Now, I am not sure that anti-Vietnam protesters ever picketed or disrupted an actual military funeral.  We have general consensus that disrupting anyone’s funeral is disgusting, at any time for any reason.  A lot of people found ways to oppose the Vietnam War without insulting Special Forces guys as “baby killer” in airports; fair enough.  (Some people are uncomfortable with homosexuality, too, yet don’t approve of Phelps on any level.)  But how different were the two extremes, really? How different were the fanatics in the airports, heaping scorn on some poor sod who got drafted and sent to the 1st Cav, survived and graduated, and then wanted to come home and get back to normal, from the Phelpsites I saw in a vacant lot in Pasco holding up signs advocating more military casualties? Fred Phelps and the airport harassers had more in common than I’ve heard anyone attest.  Motivated by pure hate, both asserted the right to pour verbal abuse on targets who could not effectively fight back.  The only difference today is that it’s no longer fashionable to abuse the military.  Sadly, if Phelps had stuck to just disrupting funerals of AIDS deceased, there would be nowhere near the backlash against him, even though his conduct would be just as contemptible.
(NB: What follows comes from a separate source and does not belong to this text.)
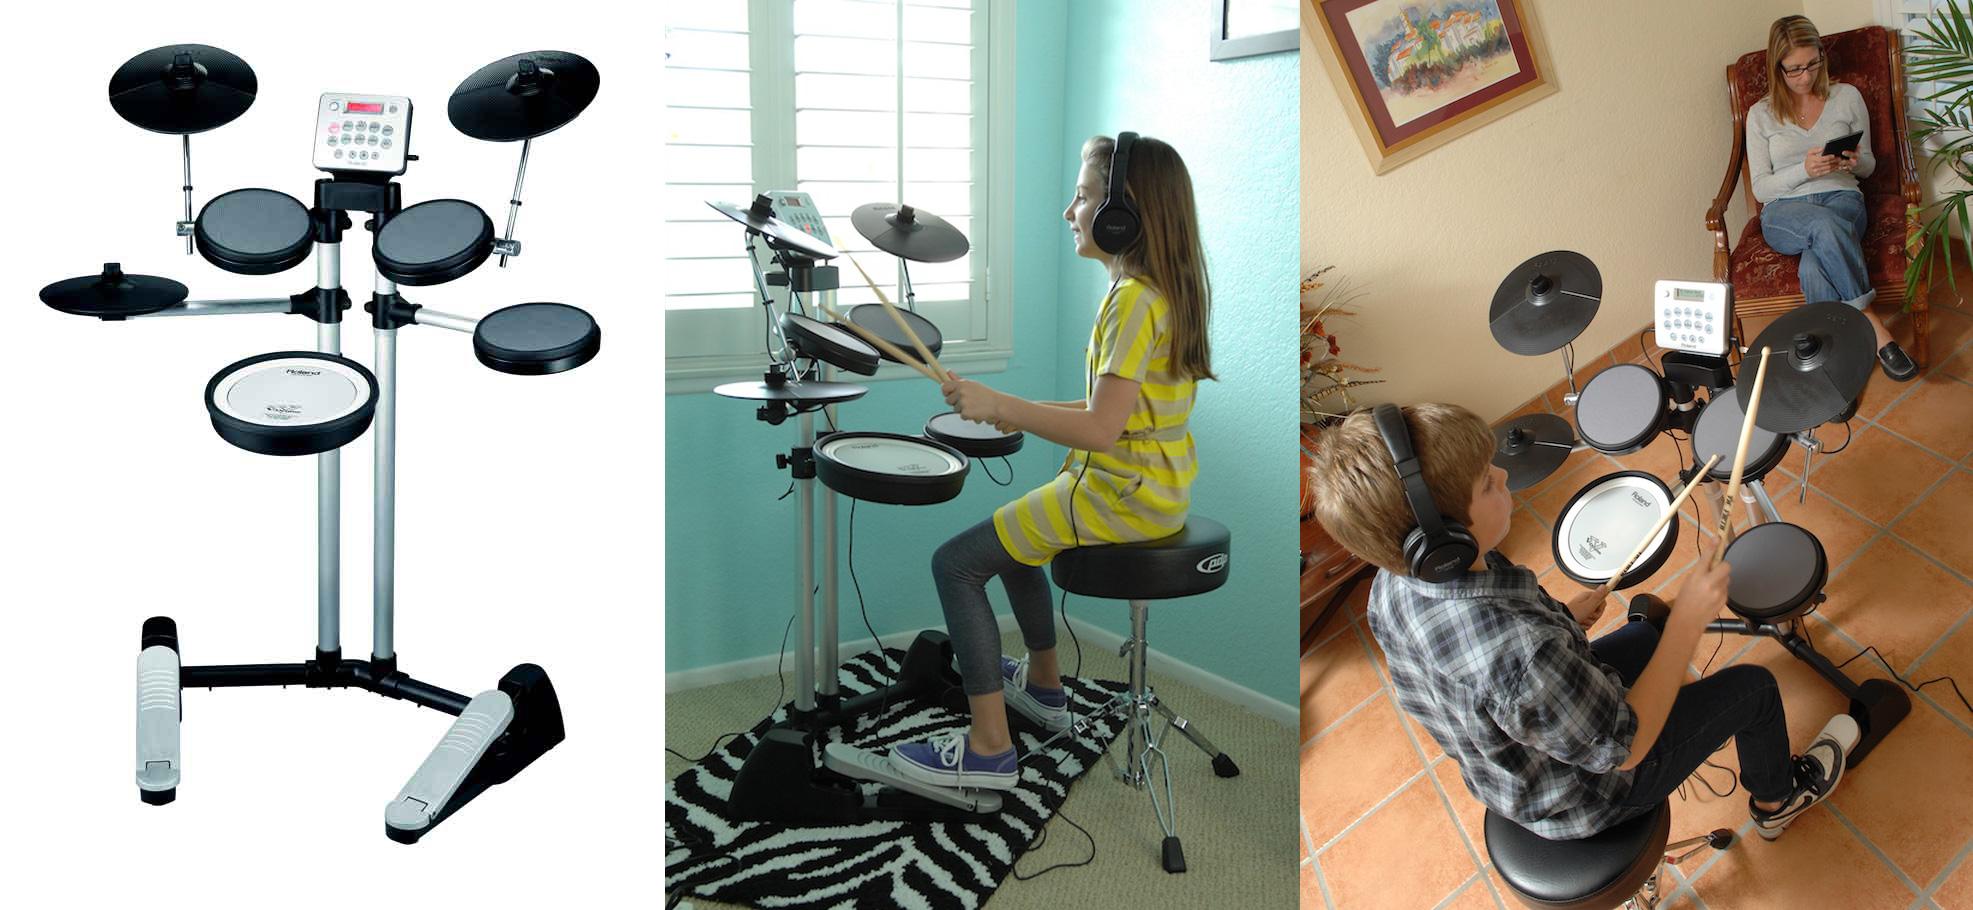 choosing a roland v drums kit is easier than you think roland u s blog. Black Bedroom Furniture Sets. Home Design Ideas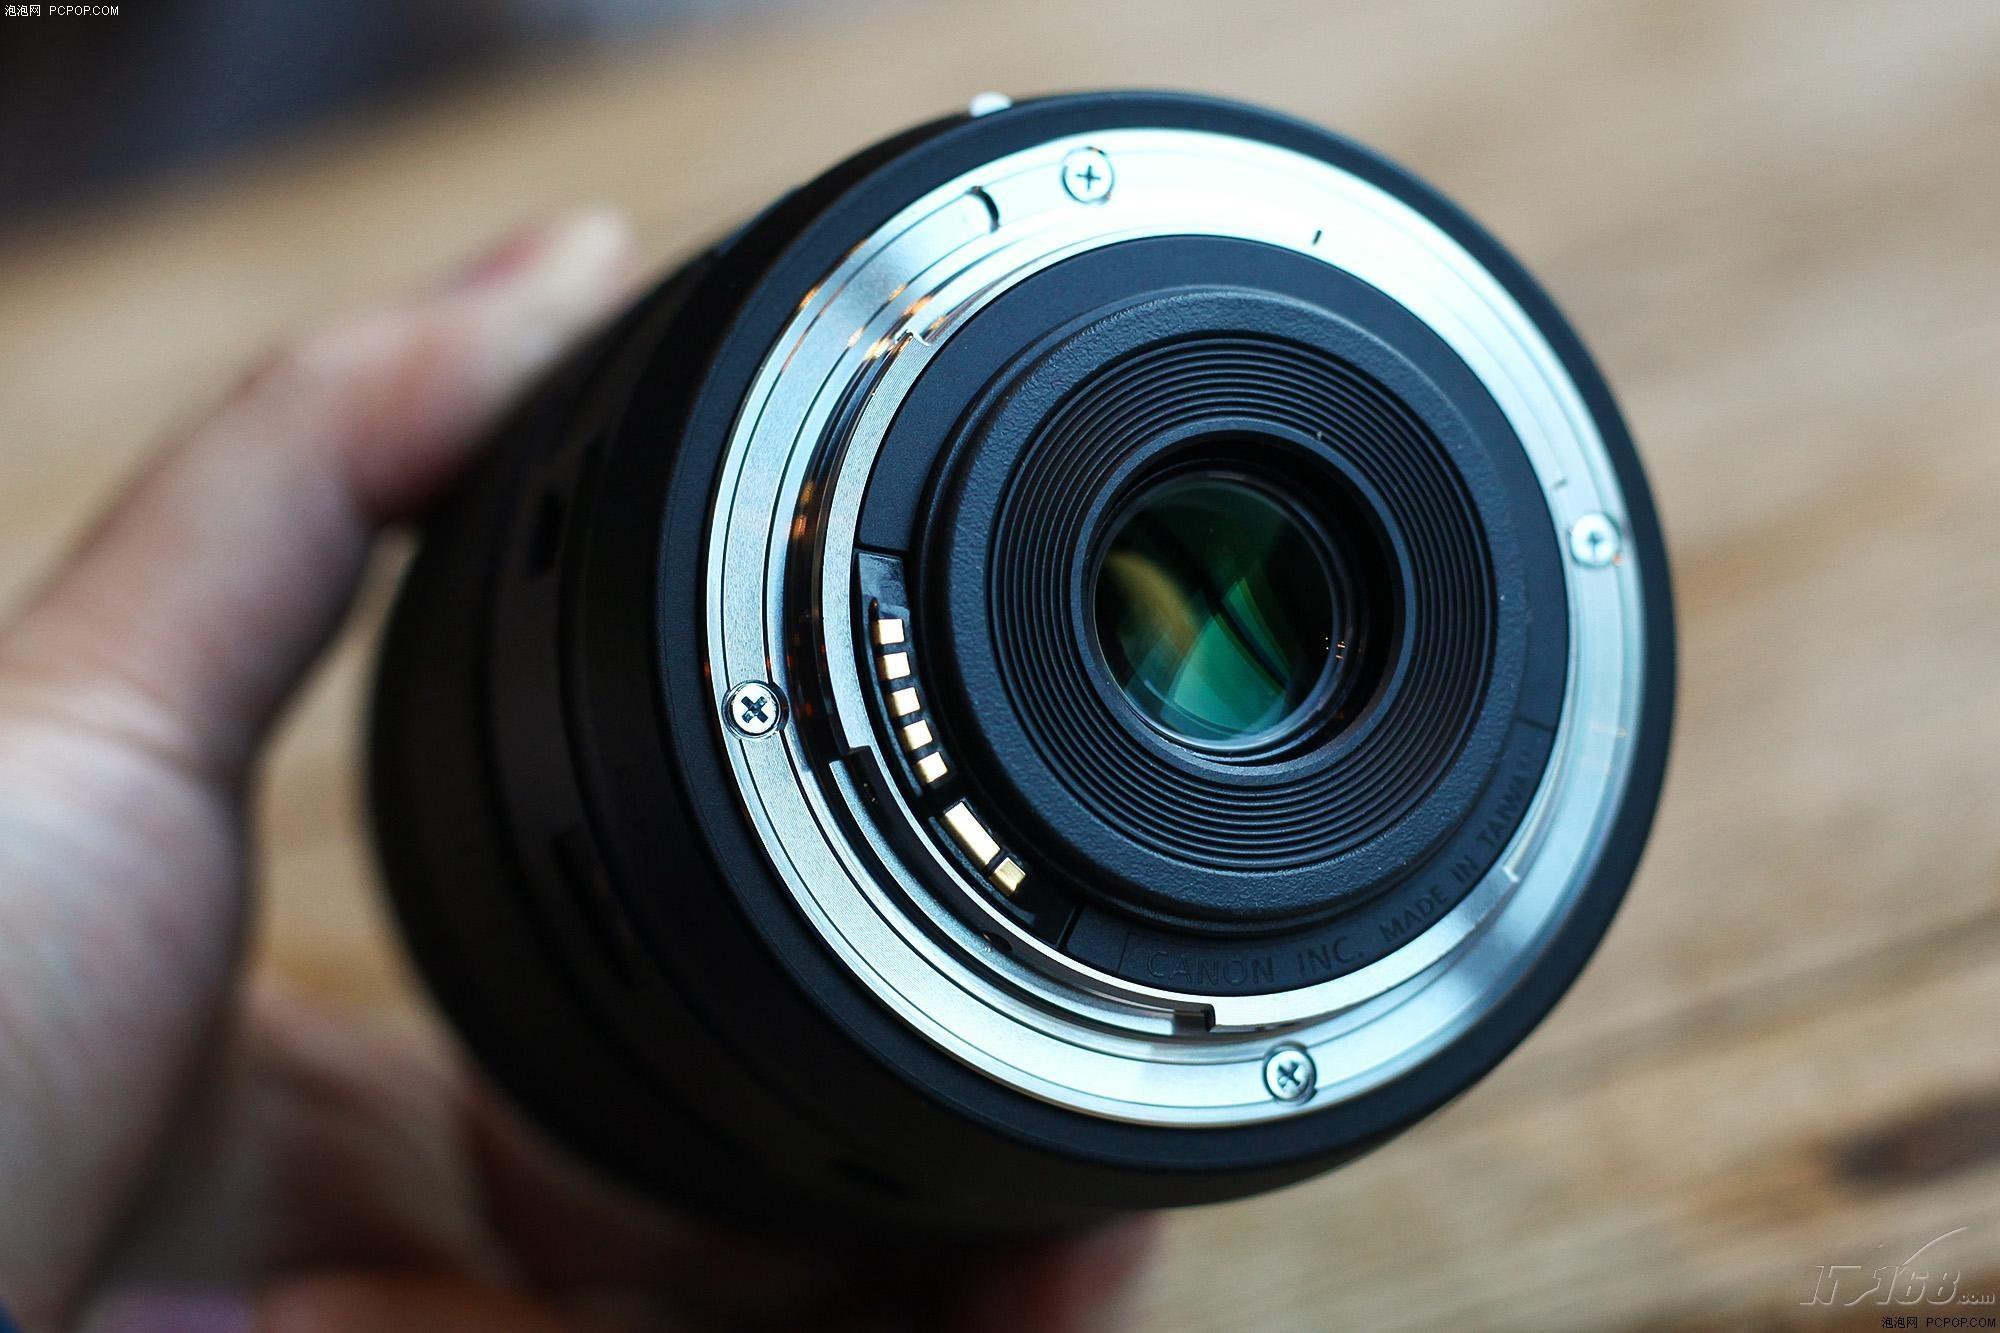 佳能eos 80d 机身镜头图片5素材-it168数码相机图片

I sit, and I watch, and I marvel how social currents change people’s ethical compasses without most people noticing.

© 2011, J.K. Kelley

Addendum, nine years later: I read these words from my past in light of four years’ concerted effort to remove all democracy from our republic, and I think this: If a client had come to me in my capacity as an editor, presenting me with speculative fiction like the past five years, I would have had serious misgivings about it. I look back now and see a wannabe dictator mocking a POW veteran and not losing many supporters, and I see just how variable people’s ethical compasses truly are. And it confirms my belief that a fluid ethical compass is no ethical compass at all.